この本の帯には、
「めまいをめぐる時空の旅へ めまい平衡医学を解き明かす、
ちょっと変わった入門書ができました!」
と書いてあります。
確かに、めまいというものを理解する入門書とも、
言えないわけではありませんが、
もっとバックグラウンドを広くもつためのサブ教本的な感じです。
まったく平衡の生理を知らないと難しい部分もありますが、
少し知っている人間にとっては、
非常に面白い(と僕は思います)。
たとえば、
西洋・東洋、あるいはわが国において、
「めまい」あるいはめまいであろうと思われる記述として、
初めて歴史に記載があったのは
いつ頃、どんな書物であったかとか。
古くはローマ神話における
オウィディウスの『変身物語』の中の一節や
医学的にはカッパドキアのアレテウスの著作に
めまいの記載があるそうです。
東洋のめまいの源流は
『黄帝内経』に見ることができるそうです。
(これは(最初かどうかはともかく)僕も知っていました。
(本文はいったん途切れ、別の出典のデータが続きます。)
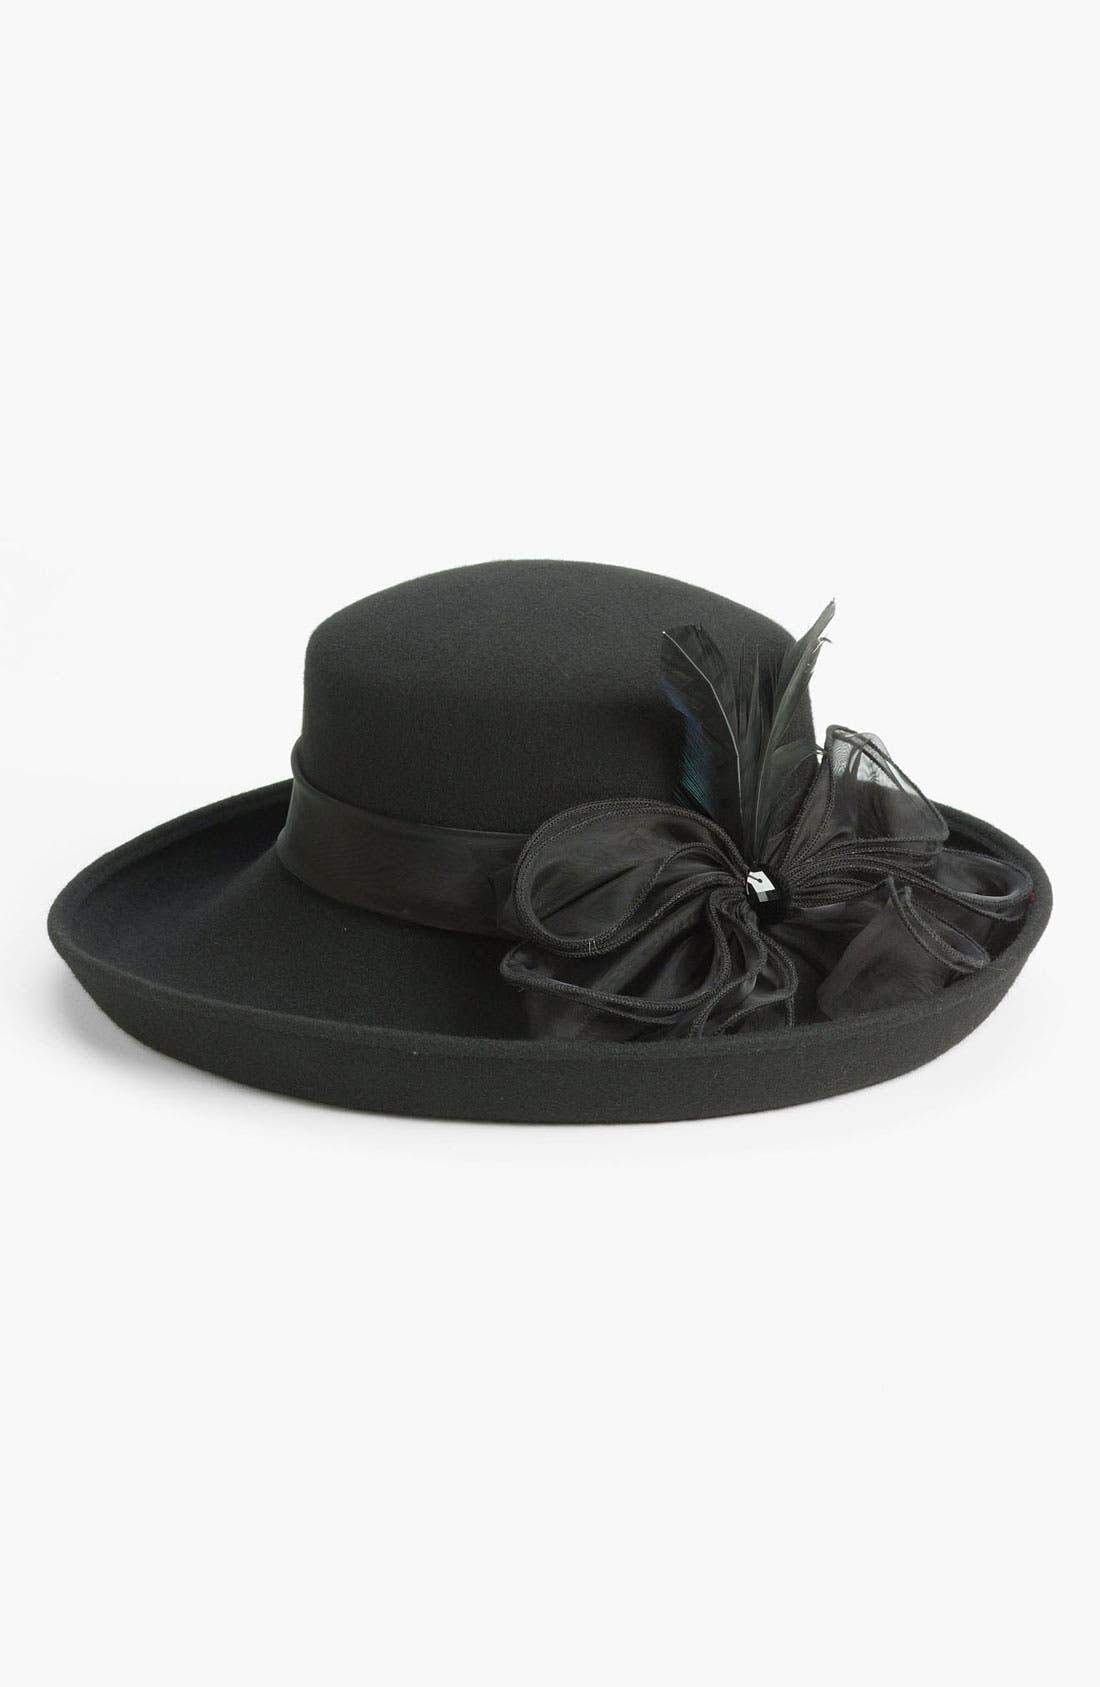 Alternate Image 1 Selected - August Hat 'Helene' Hat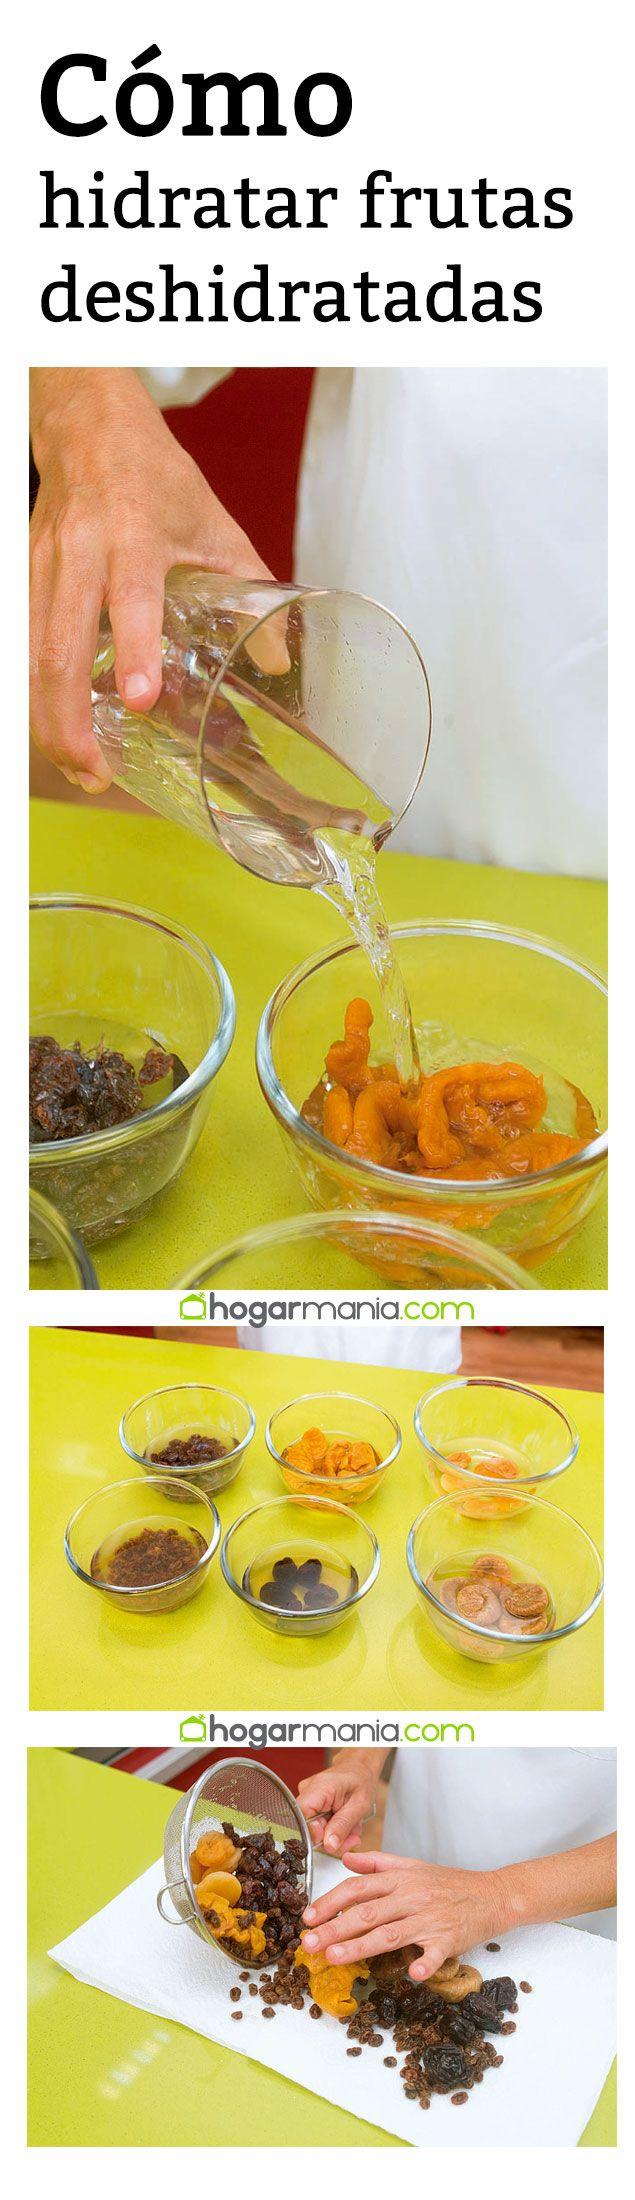 Cómo hidratar frutas deshidratadas. #hogarmania #eva #arguiñano #frutas #deshidratadas #tecnica #cocina

)
わが国におけるめまいの最初記載は、
平安時代の『和名類聚抄』と呼ばれる書物であり、
眼振の記載は、平安末期から鎌倉初期に
書かれたとされる『病草子』という絵巻物らしい。
『和名類聚抄』は名前くらいは知っていましたが、
『病草子」というのは初めて知りました。
そのほか、この本には、めまい平衡医学が、
ファロッピオ、スカルパによって解剖学が開かれ、
生理学としては、フルーラン、ブロイアー、エヴァルド、トゥリオを経て、
バラニーのノーベル賞へと続く歴史や、
めまいの代名詞メニエールのことも書かれています。
といっても、単に歴史だけが書かれているのではなく、
そうした知見をもとに現在のVEMPなどの最新の検査のことや、
メニエール病や良性発作性頭位めまい症、
前庭神経炎から上半規管裂隙症候群の話まで網羅してあります。
そして最後に、
文学・芸術作品にも言及されています。
特に、ヒッチコックの『めまいvertigo』の話や、
ゴッホの作品とその生涯とめまいの関連などは、
非常に面白いと思います。
まあ、一般向けの本ではありませんが、
めまいを特に専門にやっている人、
これから専門にやろうとしている人にとっては、
自分のバックグラウンドを広く、深くさせるためには、
一読しておくといい本だと思います。